---------- MATERIAL FOR THIS TASK

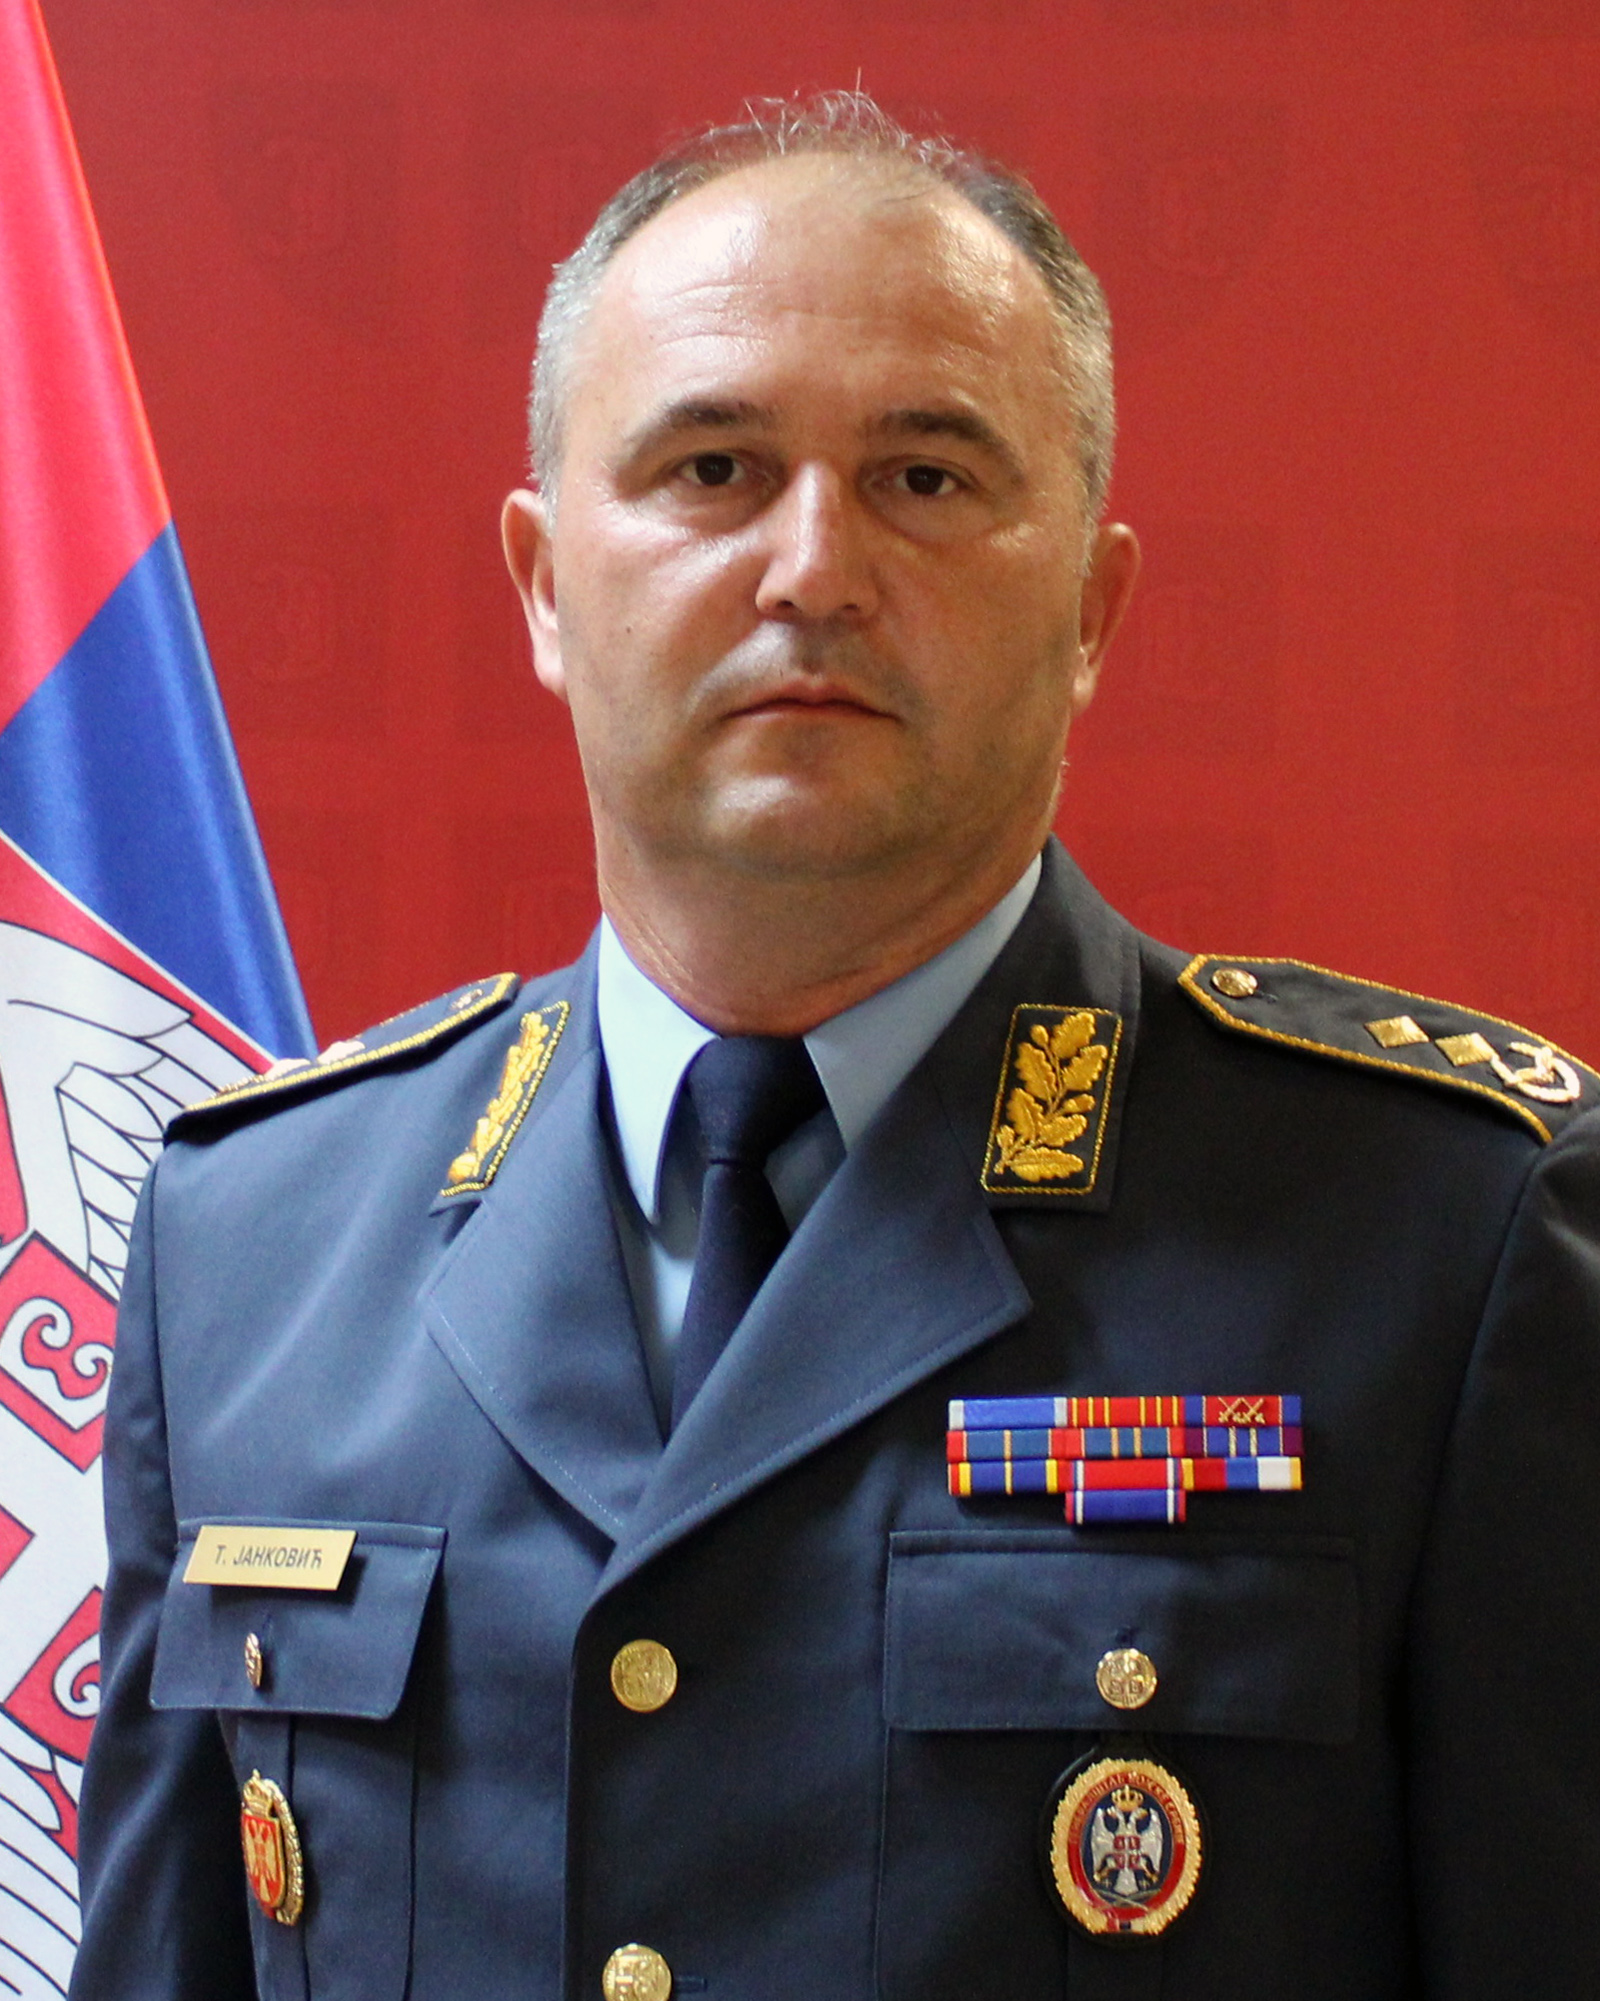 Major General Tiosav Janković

--------------------
---------- MATERIAL FOR THIS TASK

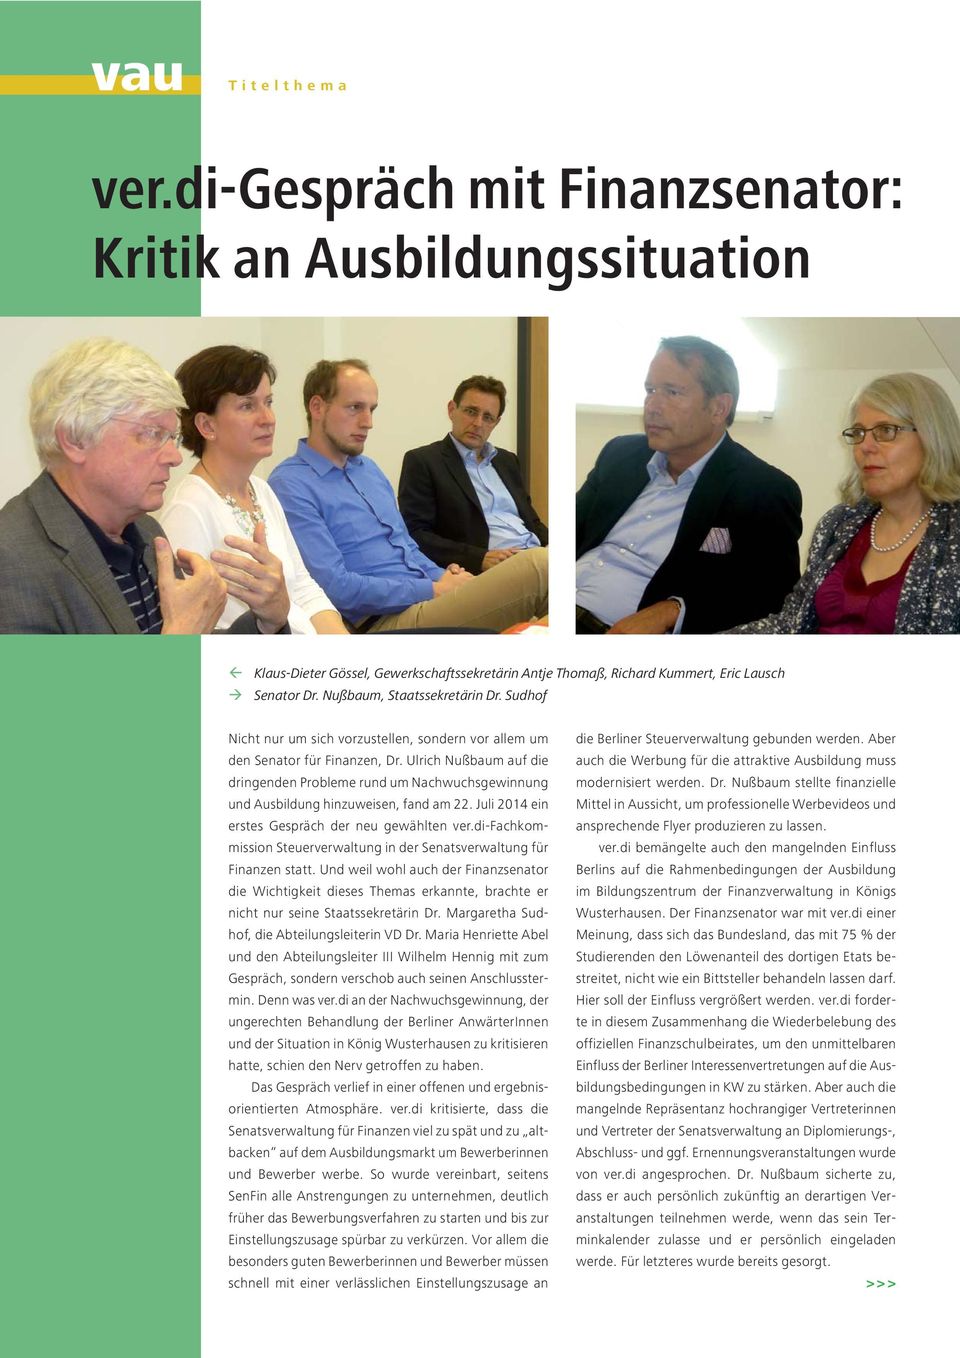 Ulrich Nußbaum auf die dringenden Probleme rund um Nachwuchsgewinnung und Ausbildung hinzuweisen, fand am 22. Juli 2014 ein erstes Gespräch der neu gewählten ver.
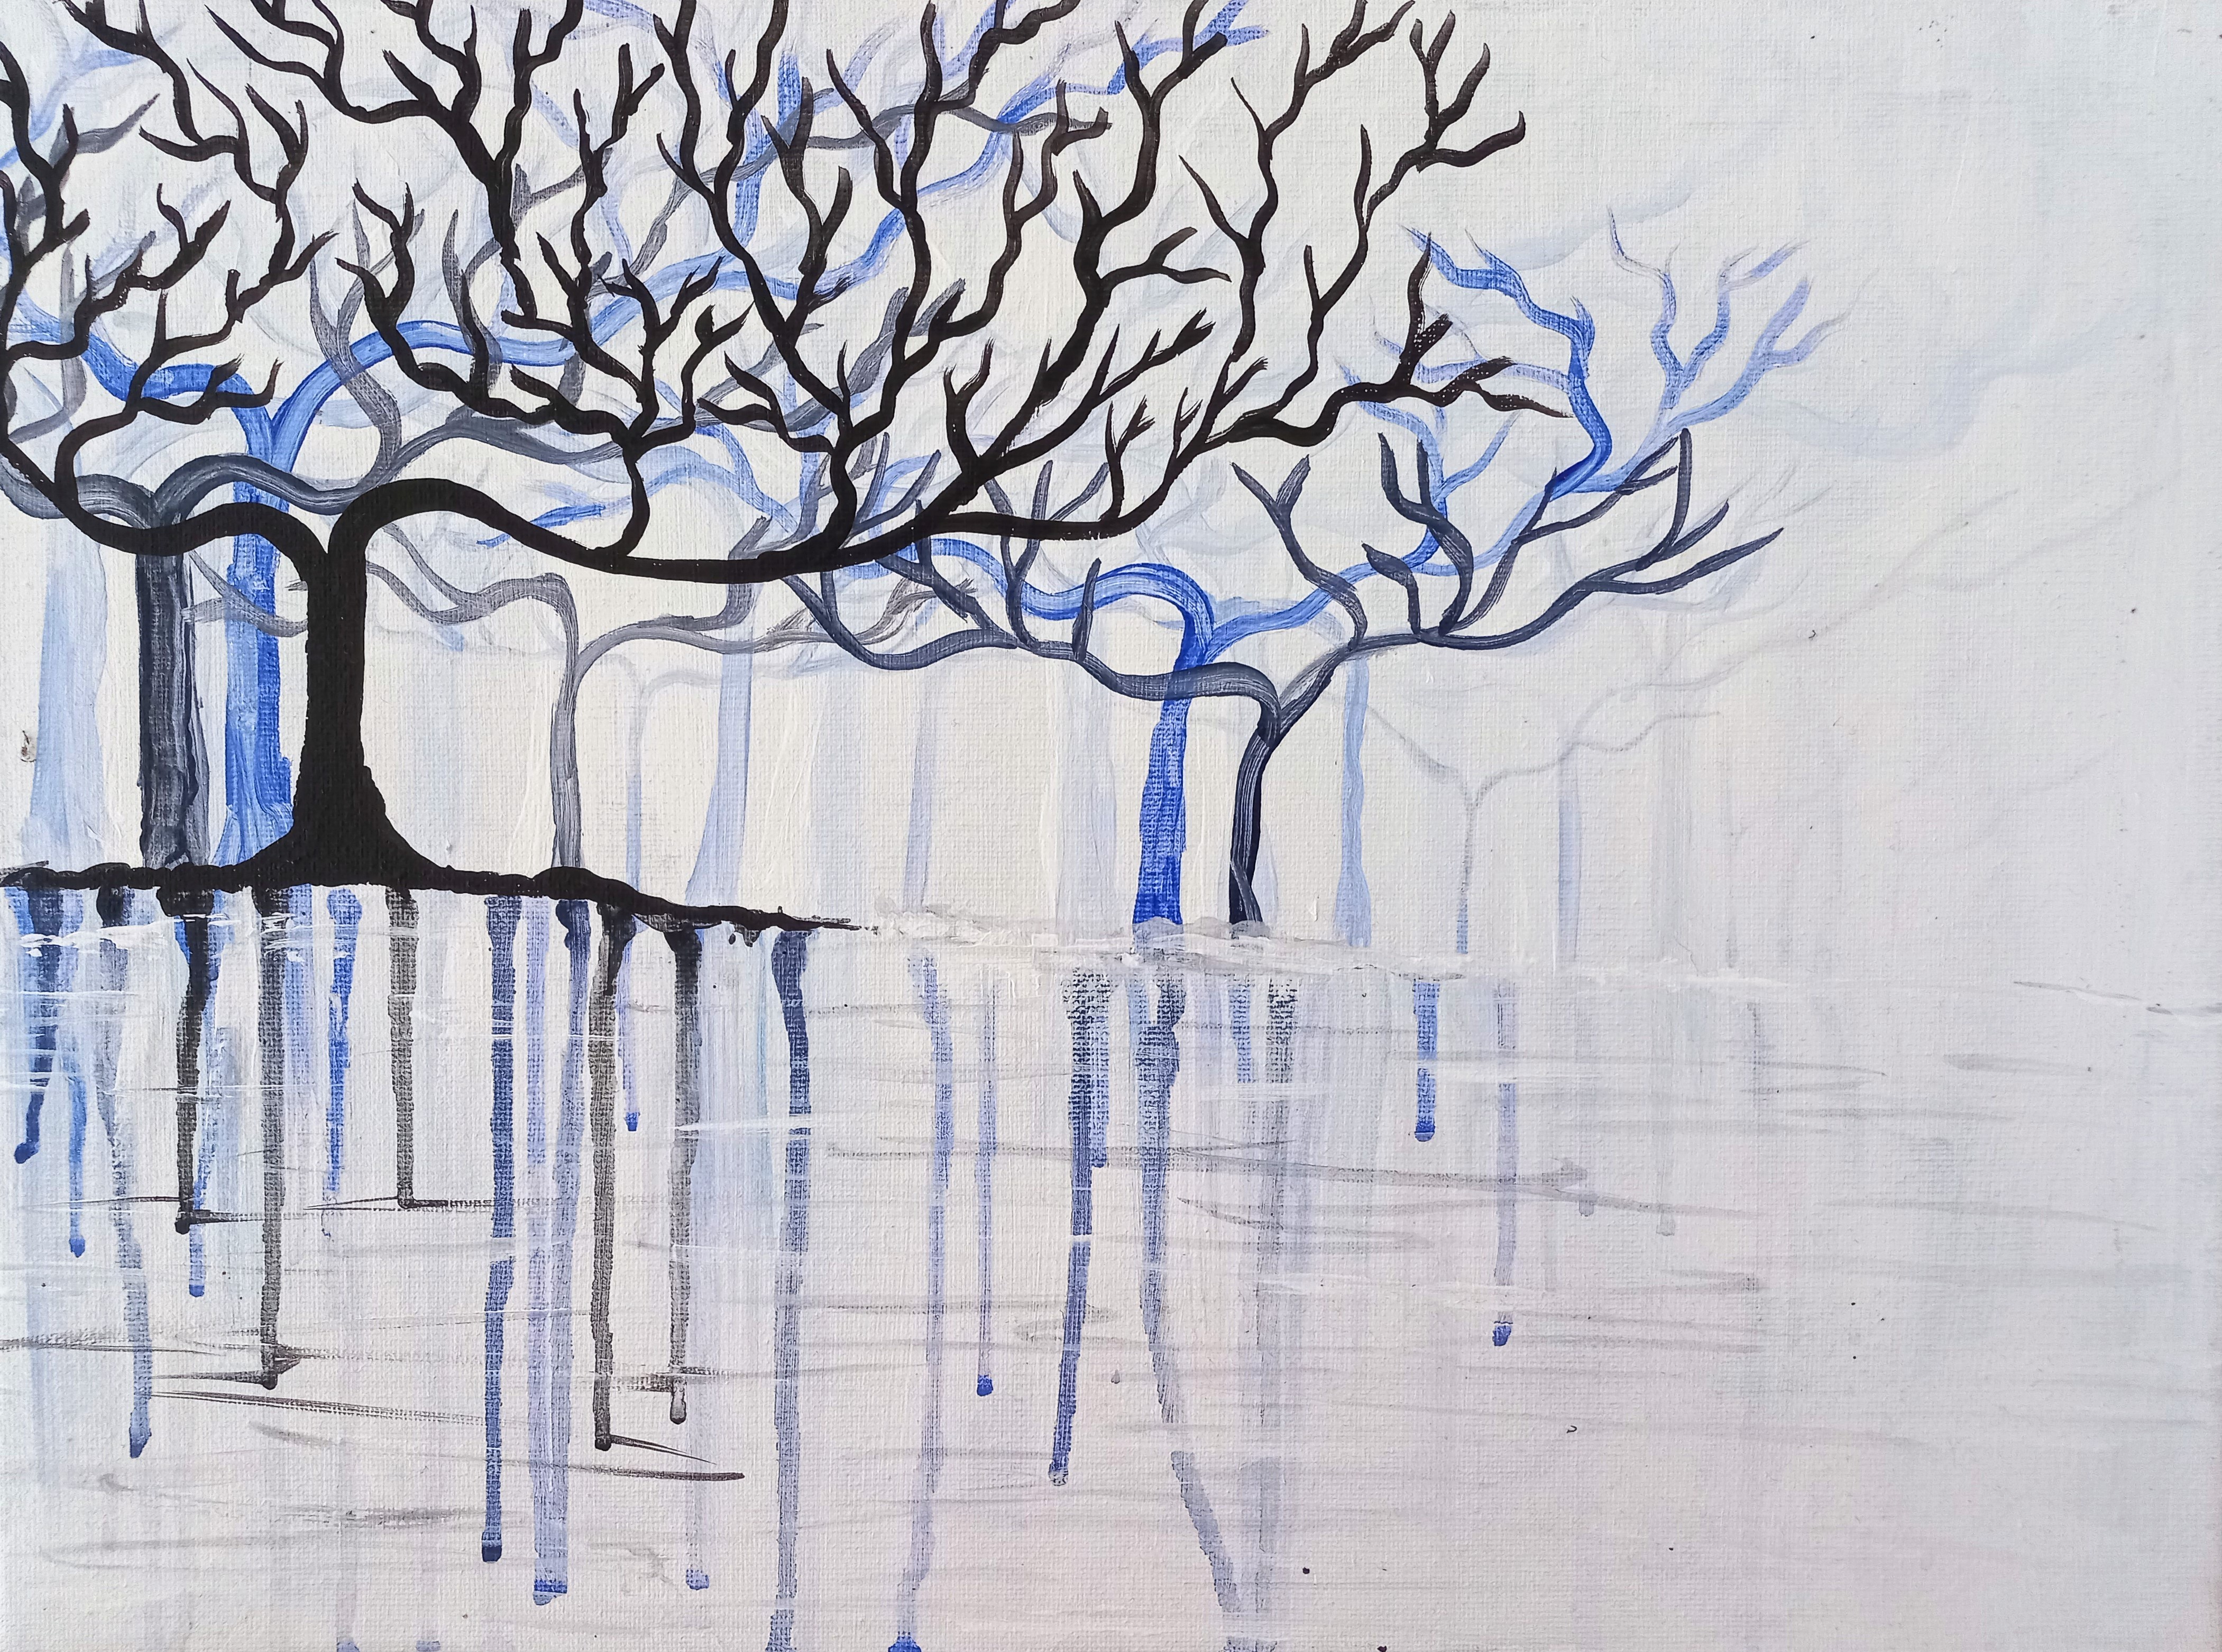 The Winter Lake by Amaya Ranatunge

--------------------

Although the records above contain pictures, the copy should not; retype exactly the lines from the one containing "Ulrich Nußbaum auf" through the one containing "The Winter Lake by Amaya Ranatunge".

 Ulrich Nußbaum auf die dringenden Probleme rund um Nachwuchsgewinnung und Ausbildung hinzuweisen, fand am 22. Juli 2014 ein erstes Gespräch der neu gewählten ver.
 The Winter Lake by Amaya Ranatunge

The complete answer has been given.